# Freewheel hub adapter



## 1 cog frog (Dec 21, 2004)

I remember a while ago(1-2 years) there was an adapter on e-bay that allowed you to use a single freewheel on a freewheel hub designed for 5-6-7 speed freewheels without having to re-space and re-dish the wheel. Anyone know whether these are still available somewhere? I searched the bay, but all the terms I could think of turned up nada.

Thanks in advance.

frog


----------



## scooter916 (Jan 2, 2006)

it was called "drews adapter" I had one on my fixie for awhile


----------



## 1 cog frog (Dec 21, 2004)

*Thanks*

That's the one, now to see if I can find another one!

frog


----------



## scooter916 (Jan 2, 2006)

id give you mine but I loctite'd it on when i installed it and it decided to take the threads with it when I pulled it off, kinda bummed because i destroyed a Mavic full carbon disc wheel


----------



## GTscoob (Apr 27, 2009)

Surly makes one called the Fixxer but they dont recommend its use on SS applications. I dont know why not since I'd think fixed gear would provide the most stress but if I had to guess it would probably be so that park and DJ kids wouldnt try to use it and then complain when they broke their freehubs.


----------



## DiDaDunlop (Oct 22, 2005)

Thew Fixxer is meant as a replacement for the freehub body of cassette style shimano hubs. I think the OP meant an adapter for screw on multispeedfreewheels. 
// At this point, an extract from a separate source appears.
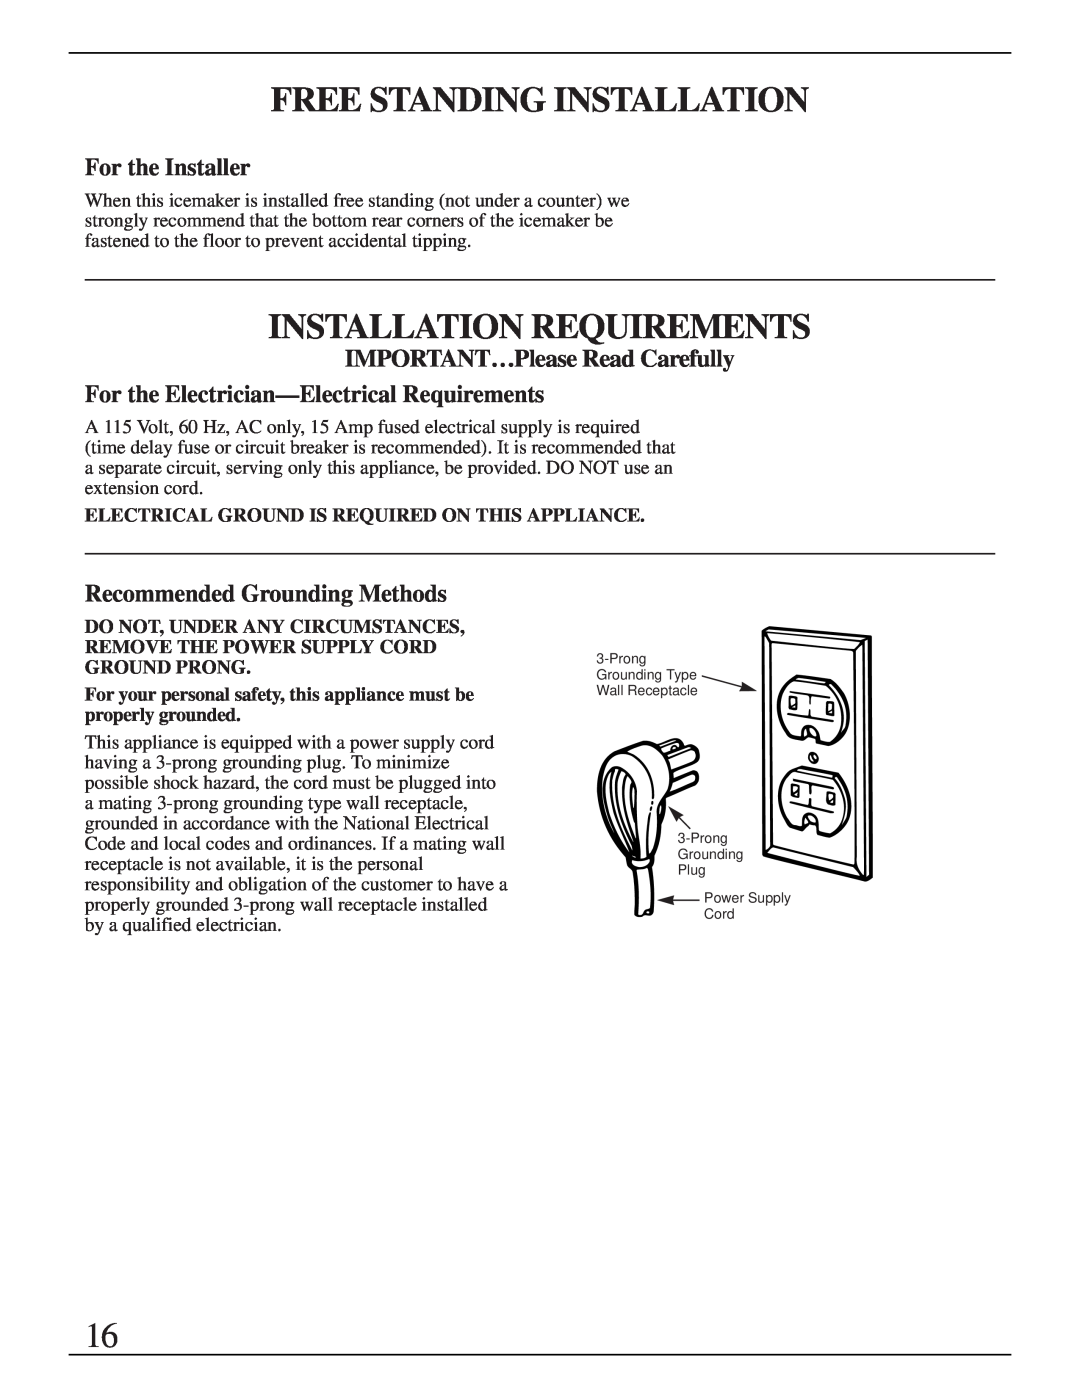 GE Monogram ZDIB50 Free Standing Installation, Installation Requirements, For the Installer, Recommended Grounding Methods 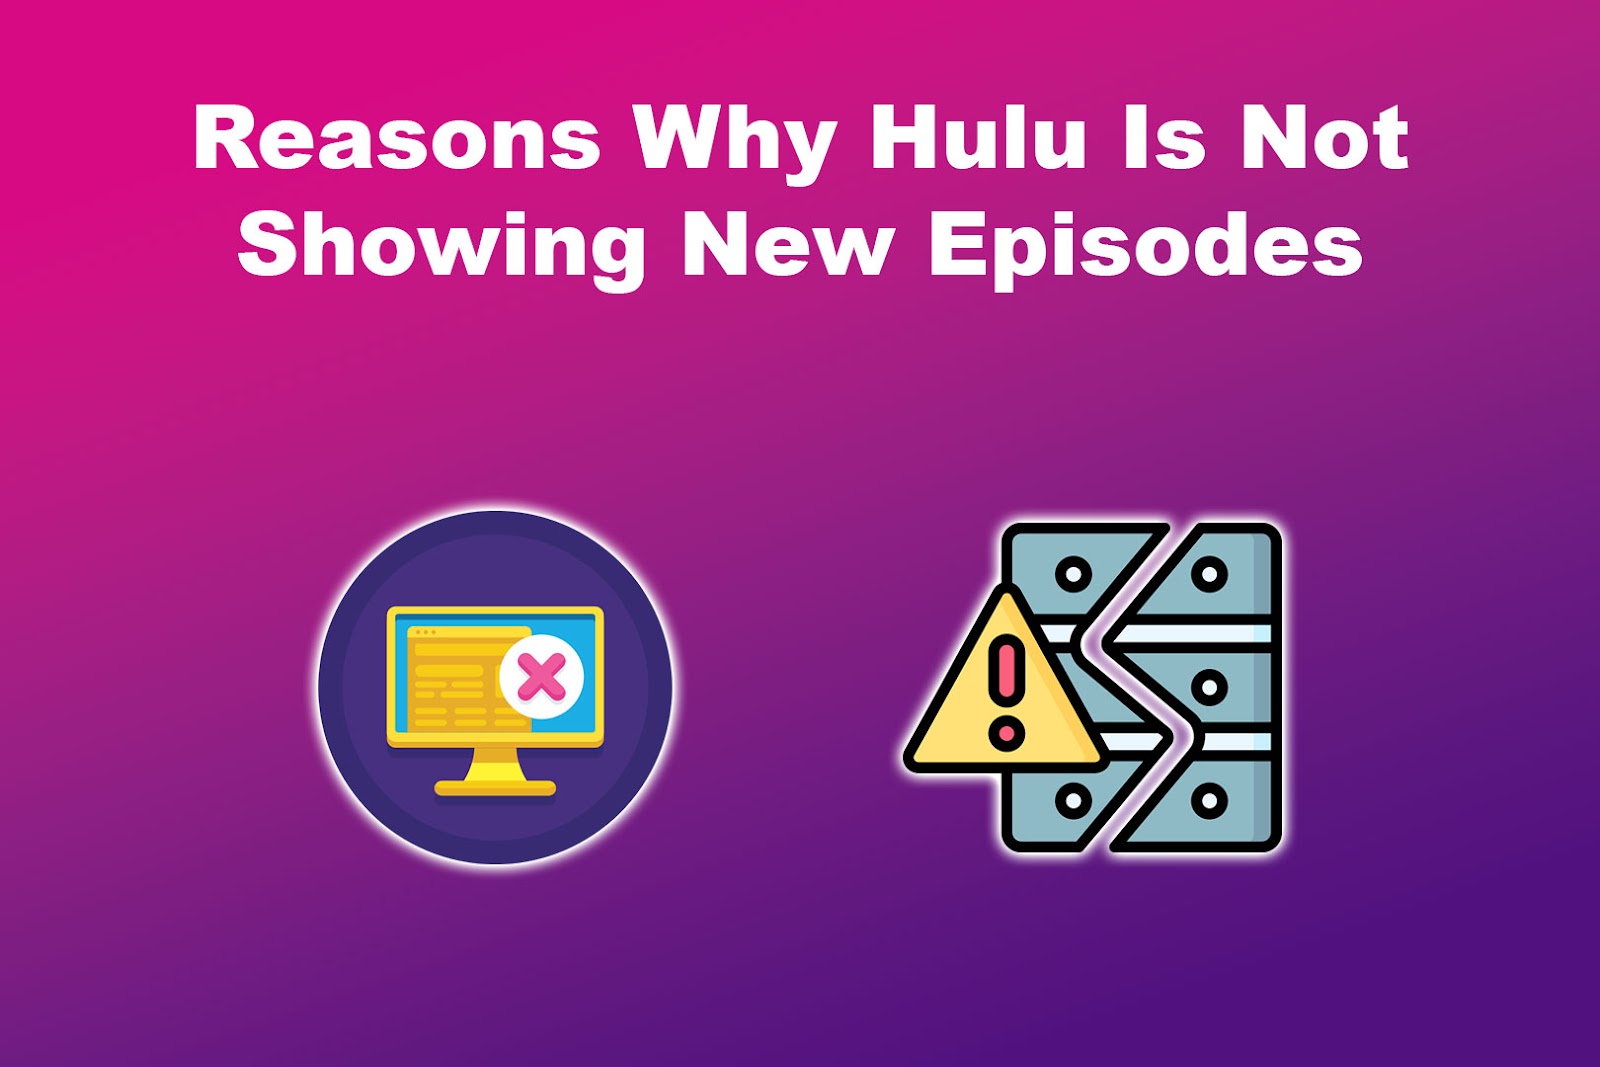 Reasons Why Hulu Is Not Showing New Episodes

There is a "how to" on this board that describes how you can convert an old school screw on multispeedfreewheel into a singlespeed freewheel. Dunno the link anymore. Maybe searching for screw on freewheel will work.


----------



## scooter916 (Jan 2, 2006)

GTscoob said:


> Surly makes one called the Fixxer but they dont recommend its use on SS applications. I dont know why not since I'd think fixed gear would provide the most stress but if I had to guess it would probably be so that park and DJ kids wouldnt try to use it and then complain when they broke their freehubs.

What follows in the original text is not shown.